160 Warga Gigit Jari tak Terakomodir Mudik Gratis

Riesty Yusnilaningsih
ILUSTRASI mudik gratis.*/DOK. KABAR BANTEN
ILUSTRASI mudik gratis.*/DOK. KABAR BANTEN

BEKASI, (PR).- Sebanyak 160 warga Bekasi yang bermaksud memanfaatkan program mudik gratis terpaksa gigit jari. Mereka tidak terakomodir pada program mudik gratis, baik yang diselenggarakan Kementerian Perhubungan maupun Dinas Perhubungan Jawa Barat, dikarenakan kehabisan kuota.

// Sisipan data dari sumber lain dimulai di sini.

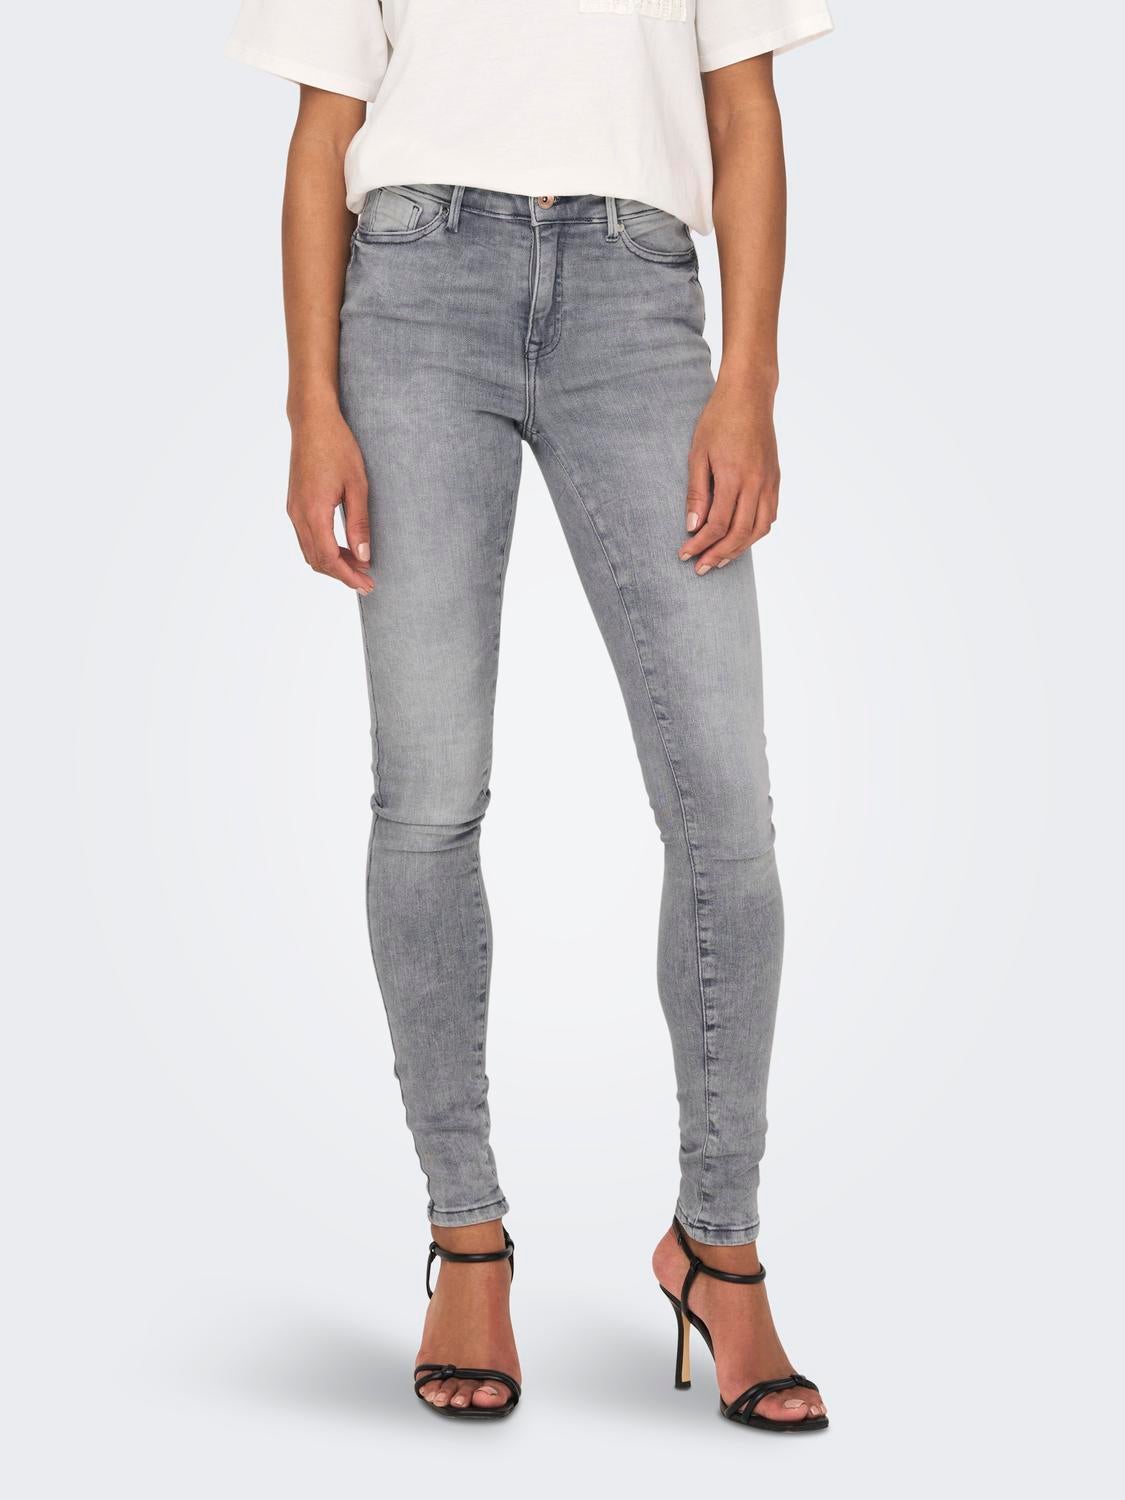 Grau XL Rabatt 66 % DAMEN Jeans Elastisch NoName Jegging & Skinny & Slim

“Mereka semula masuk daftar tunggu mudik gratis yang dibuka Dishub Jabar. Namun karena saat pendaftaran ulang, mayoritas pendaftar datang untuk mengamankan jatah kursinya, makanya yang 160 ini tidak kebagian,” kata Kepala Seksi Angkutan Tidak Dalam Trayek Dishub Kota Bekasi Ikhwanudin Rahmat. Selasa 28 Mei 2019.

Ikhwanudin menjelaskan, pada tahun ini, warga Bekasi memperoleh kesempatan memanfaatkan dua jenis program mudik gratis. Pertama yang diselenggarakan oleh Kementerian Perhubungan dengan menyediakan 80 unit bus. Kedua ialah program mudik gratis dari Dinas Perhubungan Jabar yang menyediakan 40 unit bus.

Program mudik gratis dari Kementerian Perhubungan mengharuskan warga mendaftar secara daring lalu datang ke posko mudik gratis yang dibuka di Kantor Dishub Kota Bekasi pada Maret 2019 untuk menukarkannya dengan tiket.

Kemudian program mudik gratis dari Dishub Jabar membuka pendaftaran juga di Dishub Jabar pada Maret 2019. Lalu selama masa pendaftaran dibuka ada sekitar 200 warga yang akhirnya masuk daftar tunggu karena terlambat mendaftar dibandingkan 1.760 warga lainnya.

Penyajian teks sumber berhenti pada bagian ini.